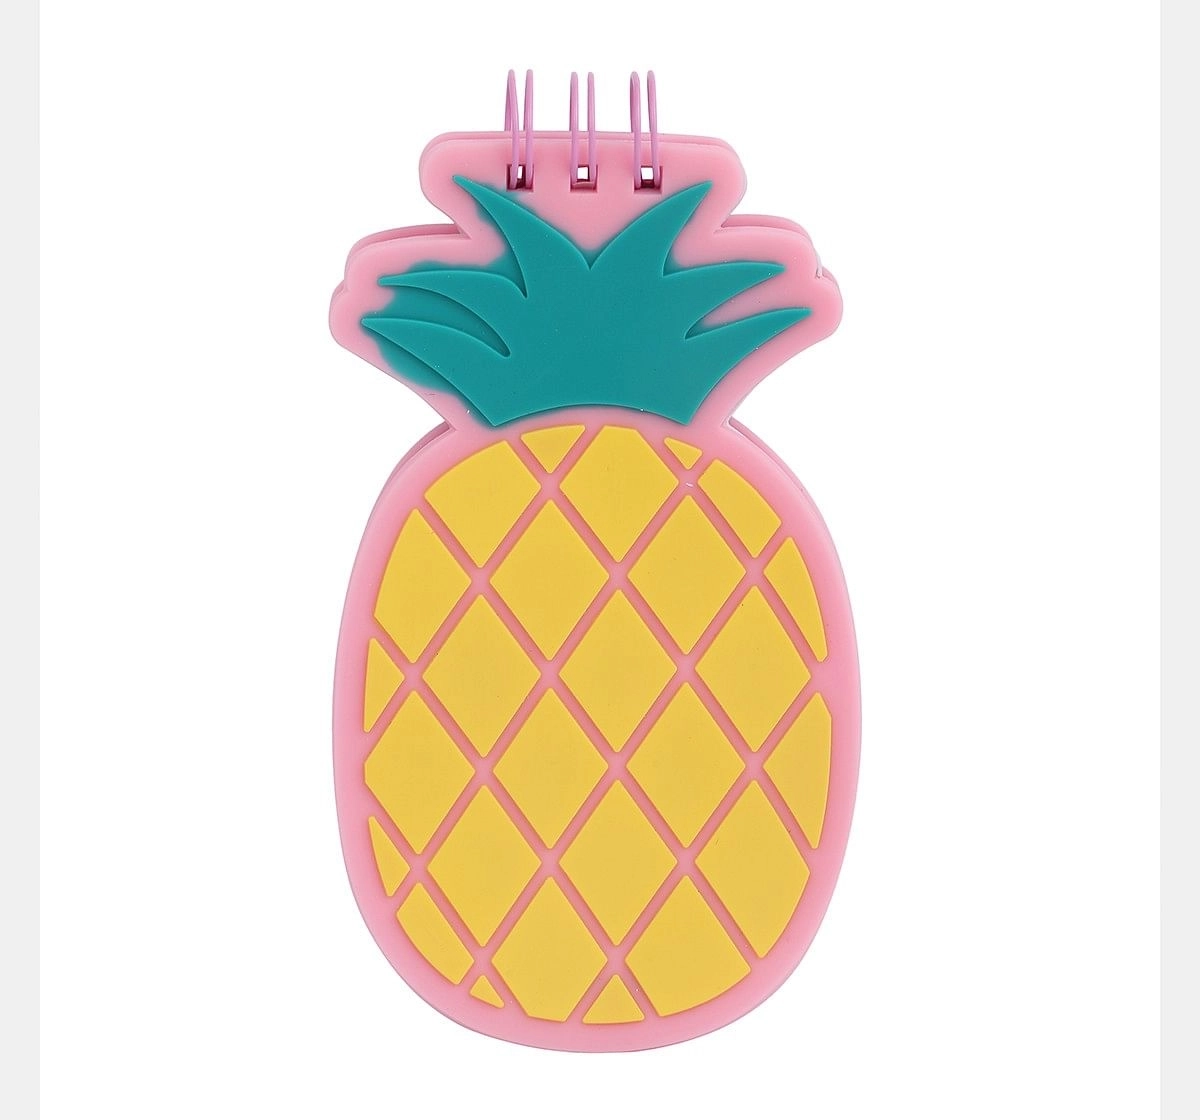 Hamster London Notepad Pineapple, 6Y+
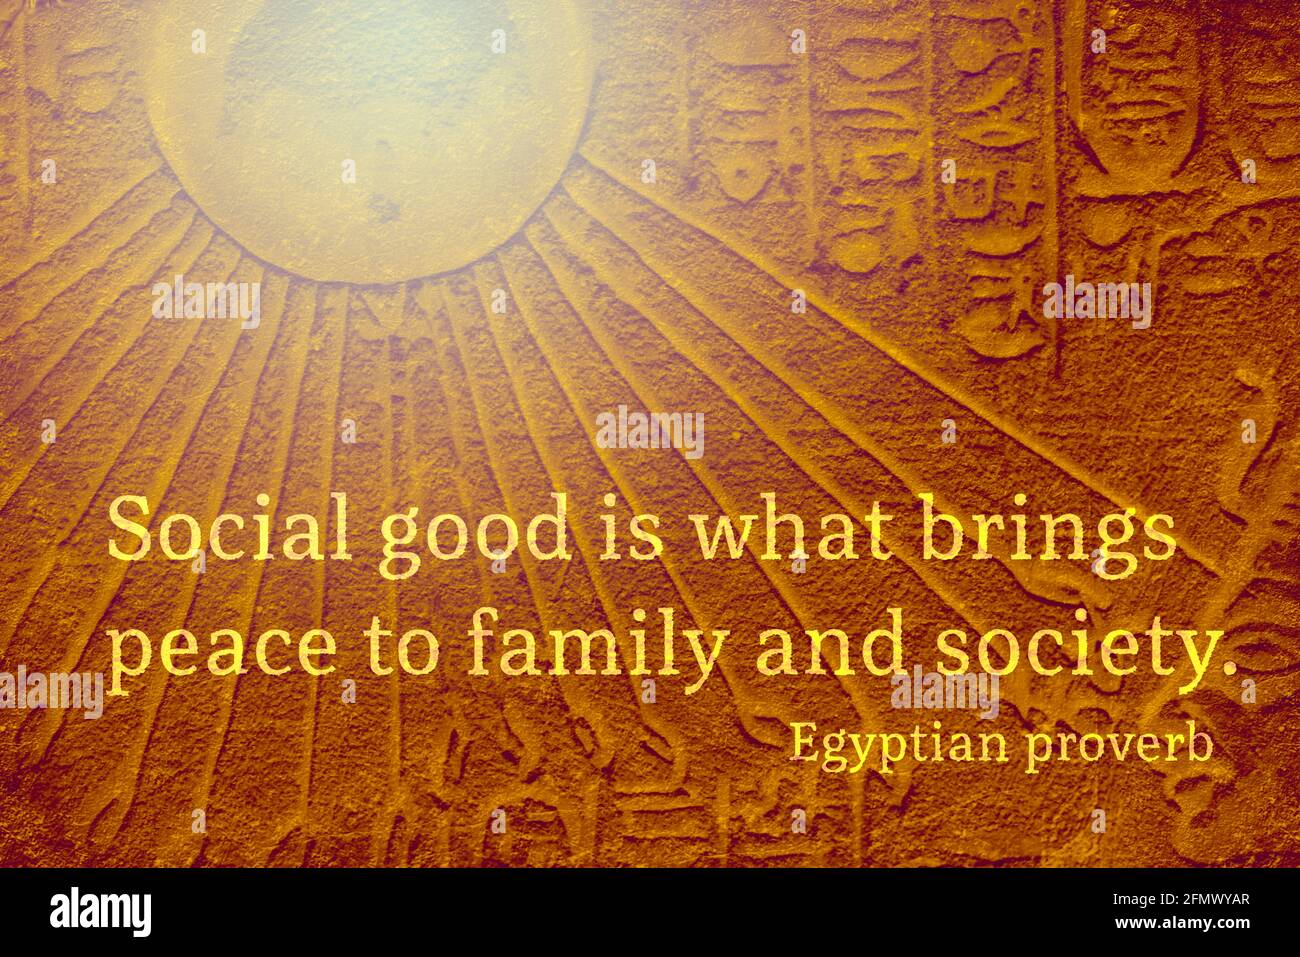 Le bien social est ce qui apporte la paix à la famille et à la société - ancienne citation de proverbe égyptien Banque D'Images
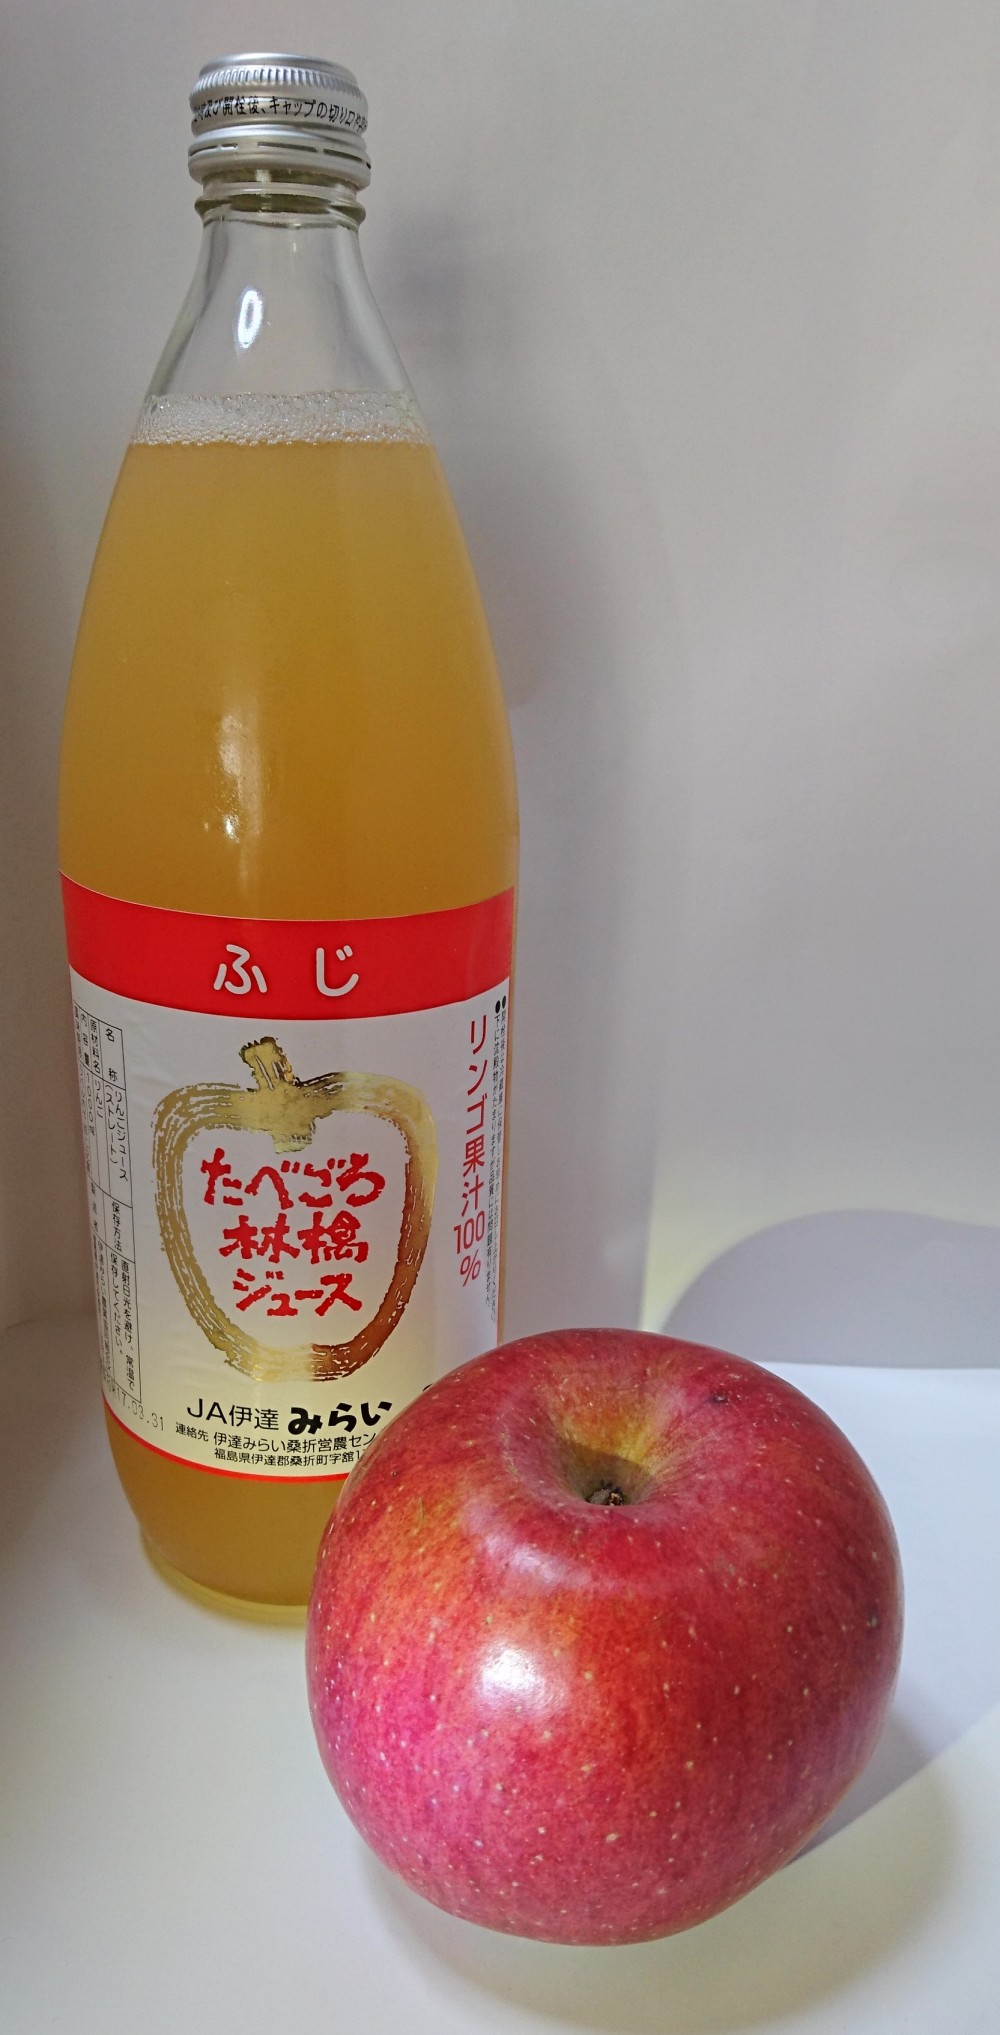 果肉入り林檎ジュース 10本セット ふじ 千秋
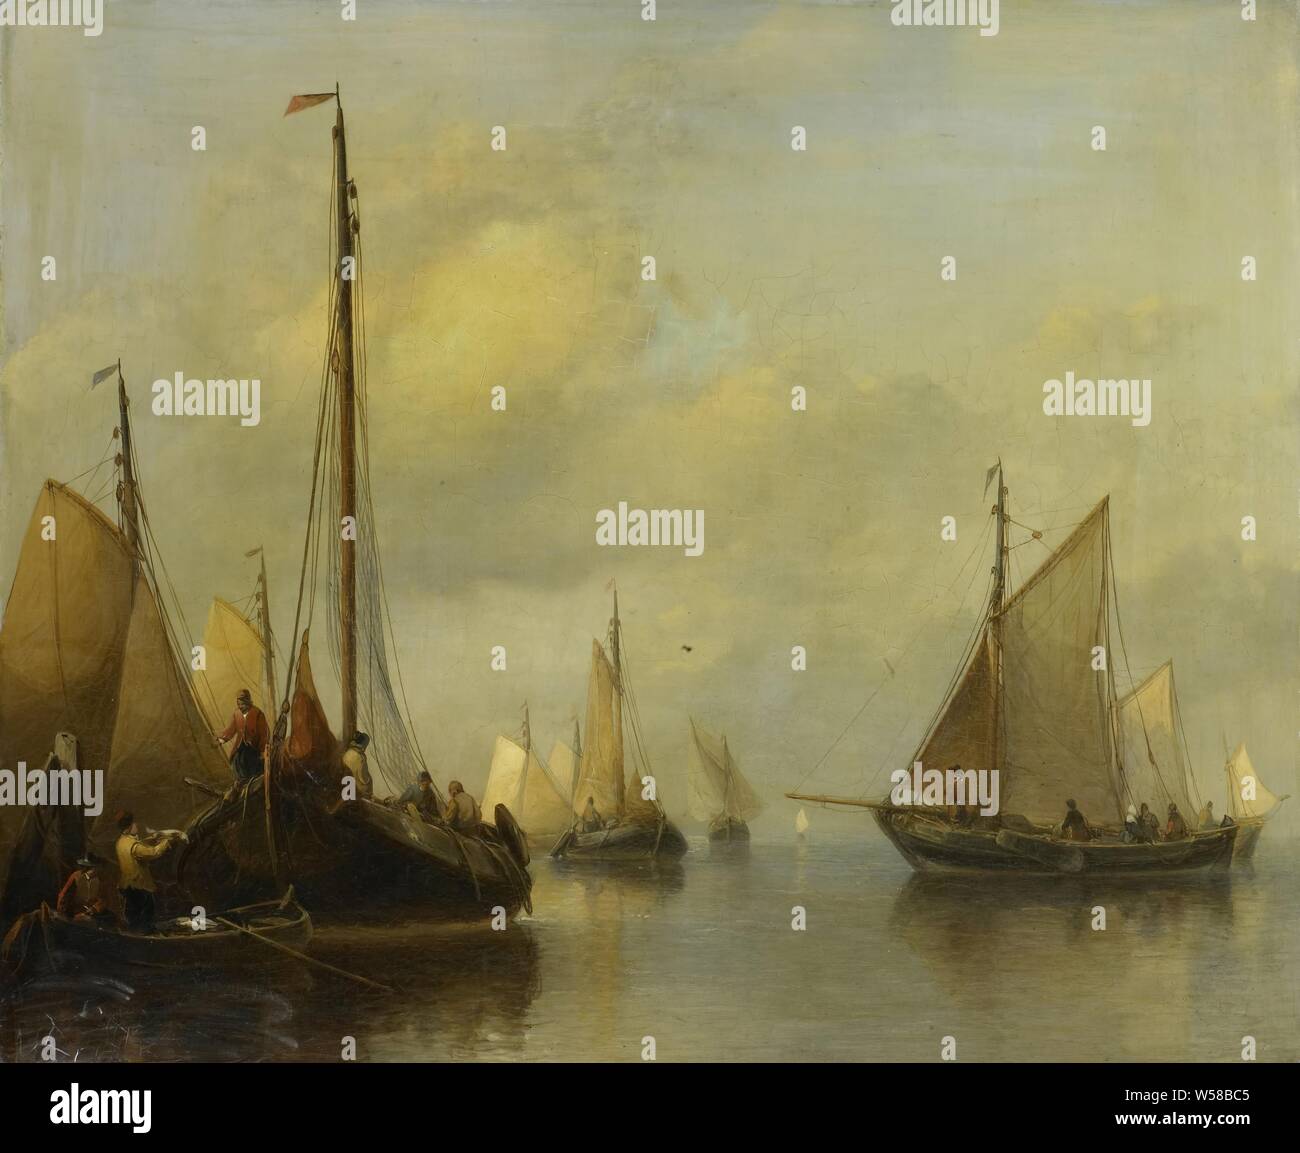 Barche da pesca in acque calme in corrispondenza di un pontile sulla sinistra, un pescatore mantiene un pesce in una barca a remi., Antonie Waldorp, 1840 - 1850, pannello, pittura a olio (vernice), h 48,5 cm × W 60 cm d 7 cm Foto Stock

_____

→ Action item
Transcribe, word for word, only the material from its opening line through the line containing "果肉入り林檎ジュース 10本セット ふじ 千秋", both ends included, and omit the pictures.

→ Answer below
 Hamster London Notepad Pineapple, 6Y+
 Le bien social est ce qui apporte la paix à la famille et à la société - ancienne citation de proverbe égyptien Banque D'Images
 果肉入り林檎ジュース 10本セット ふじ 千秋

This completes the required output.